The postcard was written in the same hand as the first letter, the loops too similar to be a coincidence. The front of the offending document held no greater clue than the one before it had. It was addressed to:
Central News Office
London City
“Good morning, Amelia, Liza. I believe your carriage is ready.” Father strode into the dining room with a paper of his own tucked under an arm and concern set upon his face when his attention turned to me. “Filling your head with safe and appropriate things? Or are you disobeying my wishes so soon, Audrey Rose?”

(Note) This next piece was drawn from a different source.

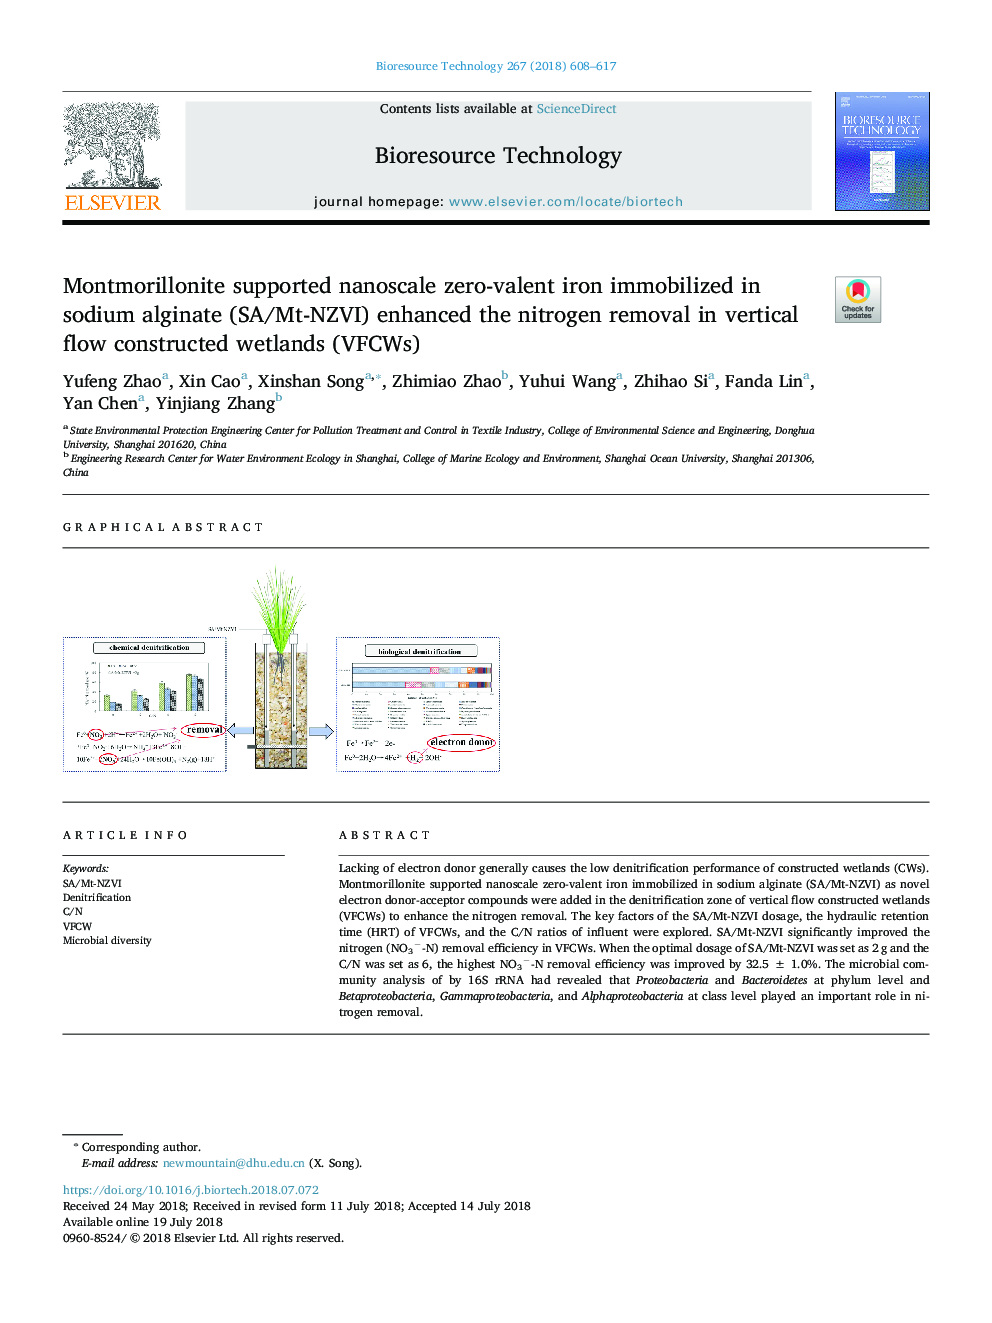 Montmorillonite supported nanoscale zero-valent iron immobilized in sodium alginate (SA/Mt-NZVI) enhanced the nitrogen removal in vertical flow constructed wetlands (VFCWs)

I lifted my face and smiled, an action more akin to a sneer.
“I was unaware keeping abreast of the daily news was inappropriate. Perhaps I shall spend my time, and your money, on new corsets to bind my will from my lips,” I said sweetly. “Wearing something so constricting ought to tether my vocal cords nicely. Wouldn’t you agree?”
Father’s eyes flashed a warning, but he’d not find me cowering today. I would solve this Ripper case even if it meant awakening the sleeping beast from within whomever it was resting. That same creature was scratching and howling for a chance to be set free from inside me. I promised it all in due time, placating it for the moment.

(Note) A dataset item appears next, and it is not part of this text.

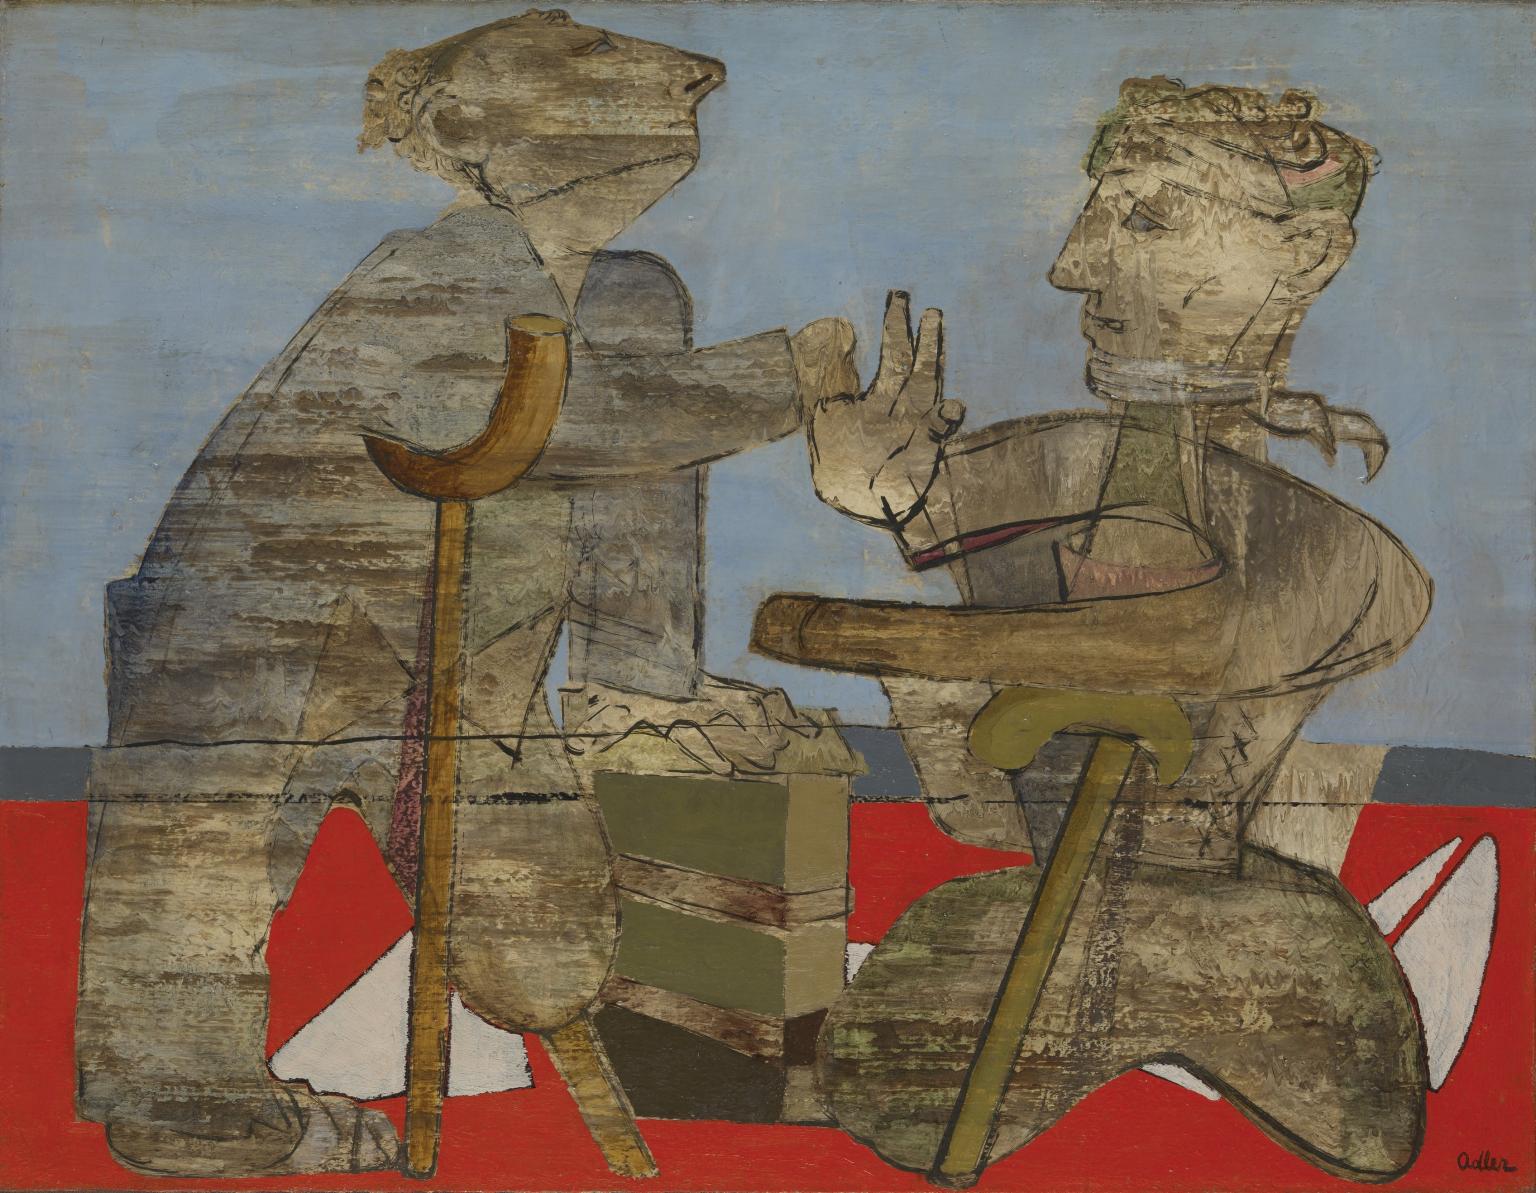 Painting of two mutilated soldiers with crutches, one with no legs and the other with one leg.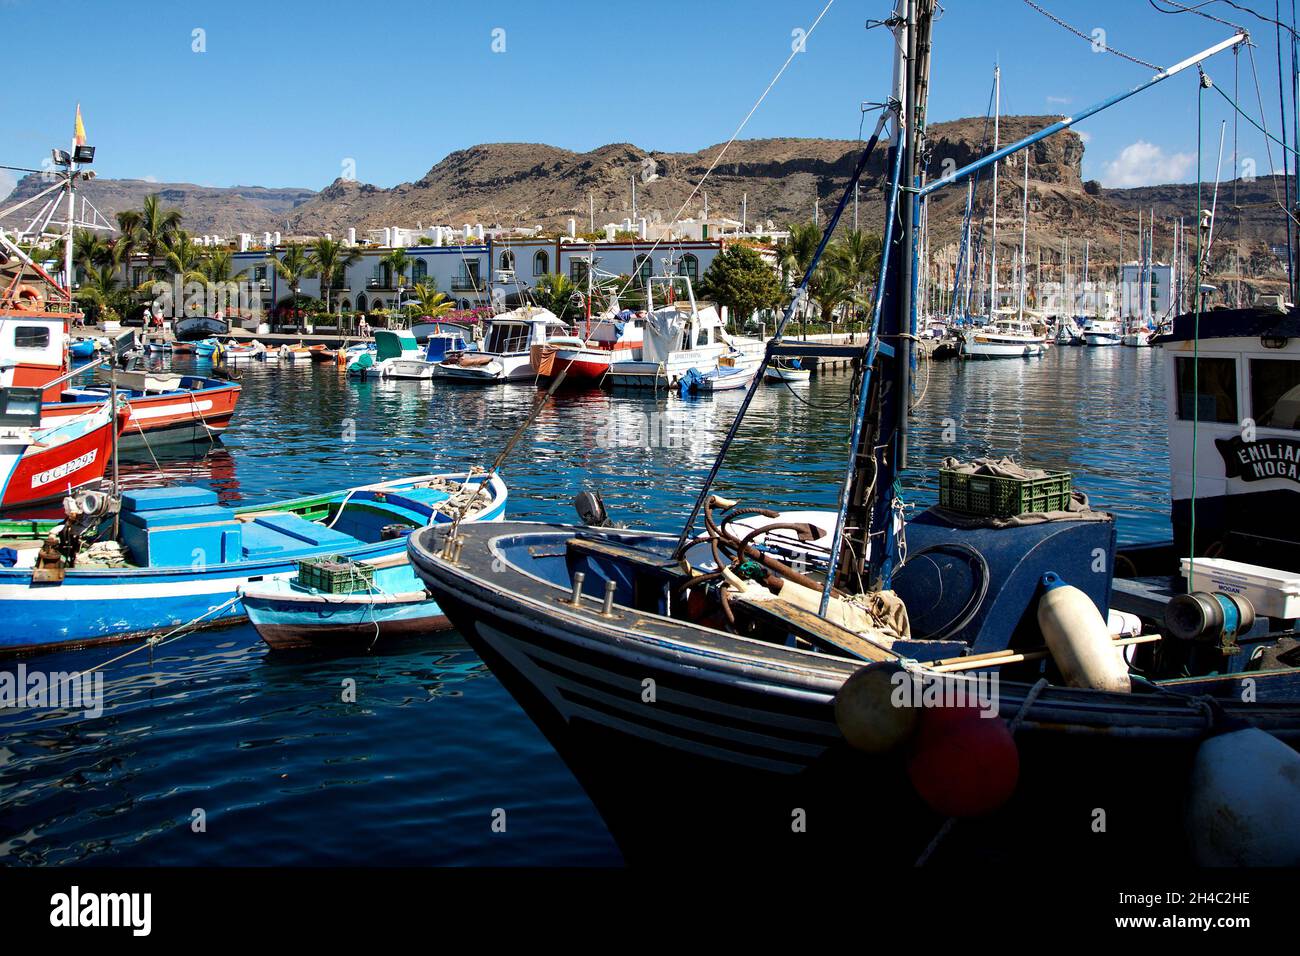 Sailboats in the port of Puerto Mogan on Gran Canaria, Spain Stock Photo

“Well, then.” Aunt Amelia stood, motioning for Liza to do the same. “It’s been such a lovely visit. Thank you for hosting us in your absence, dear Brother. You must take some time away from town and breathe in our country air again soon.” She turned her attention on me, lips pinched in scrutiny. “Might do Audrey Rose a world of good, getting away from this madness for a bit.”
“Perhaps you’re right.” Father opened his arms to his sister, embracing her quickly before she left the room.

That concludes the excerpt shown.